Good observation–although I hope we never get down to the last man on earth. What if he had hair plugs or trimmed his nails at the breakfast table? We might never get the world repopulated!
 
Finally, reader R.C. weighs in on the feminist jihad against a stainless steel sculpture of a torso of a naked woman (it’s a sex object!) planned for a traffic circle in Venice, Calif. (see The Latest Feminist Cause: Banning Nude Statues, April 22.) R.C. writes: 
 
“Horrors! The feminists having the vapors over nude statuary are in danger of falling into bed (tee hee, snort) with John Ashcroft.”


Yes, it’s ironic that the Ashcroft-loathing rad-fems feel the same way about the Venice Torso as the former attorney general felt about the bare-breasted torso of Lady Justice in his department.


I’ve got to say, though, that Ashcroft and the other evangelical Christians have a point: They recognize that naturalistic sculptures of lovely naked women can’t help being erotic. That’s why, in Greek and Roman times, Venus, the goddess of love, was regularly depicted in the nude but chaste goddesses such as Diana and Minerva weren’t. It means that context is all-important. A nude sculpture might be just the thing for a private art collection but would be highly out of place in most public venues. And even the most skillfully painted or sculpted female nude has a way of making a place look like a bordello real fast.

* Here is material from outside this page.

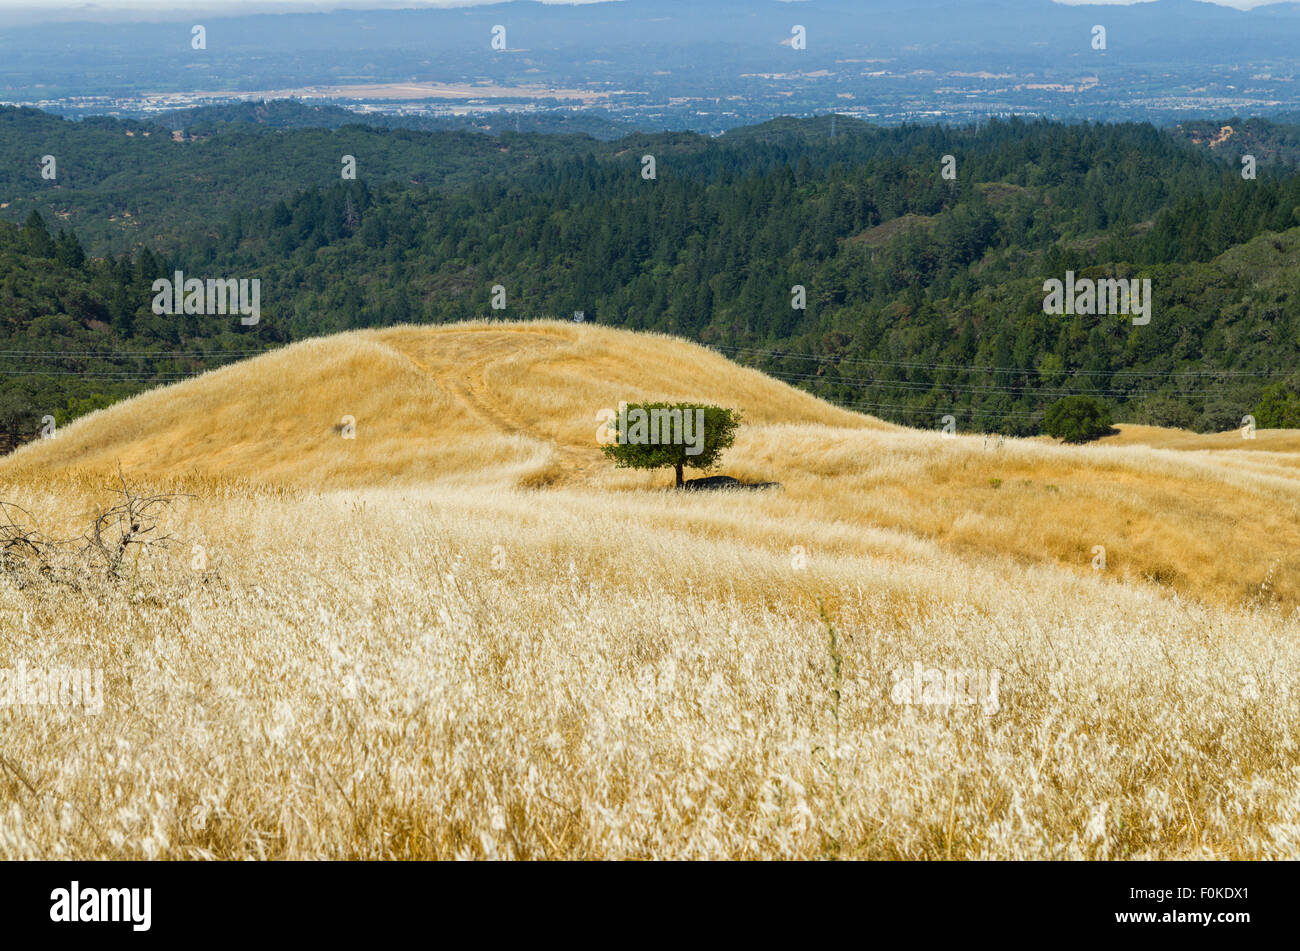 Pepperwood Presserve Santa Rosa and Healdsburg Sonoma County California Stock Photo

In our politically correct time we tend to see nude sculpture as an either-or proposition: We’re either good First Amendment types and we’re for it–because it’s art and besides, what’s wrong with the human body? Or we’re good feminists and we’re against  it because it “objectifies” women or whatever the rad-fems say. We don’t consider the fact that art has the power to arouse our passions as well as our critical facilities and our ideologies.


Sure, some religious types are overly sensitive to this arousal of passions and thus perhaps overly censorious. But I can understand why they might not want a nude statue placed next to a church or behind a cabinet secretary during a press conference. As you’re fighting bumper-to-bumper beach-bound traffic in Venice, Calif., however, a stainless steel nekkid lady might be exactly what you need to cheer you up.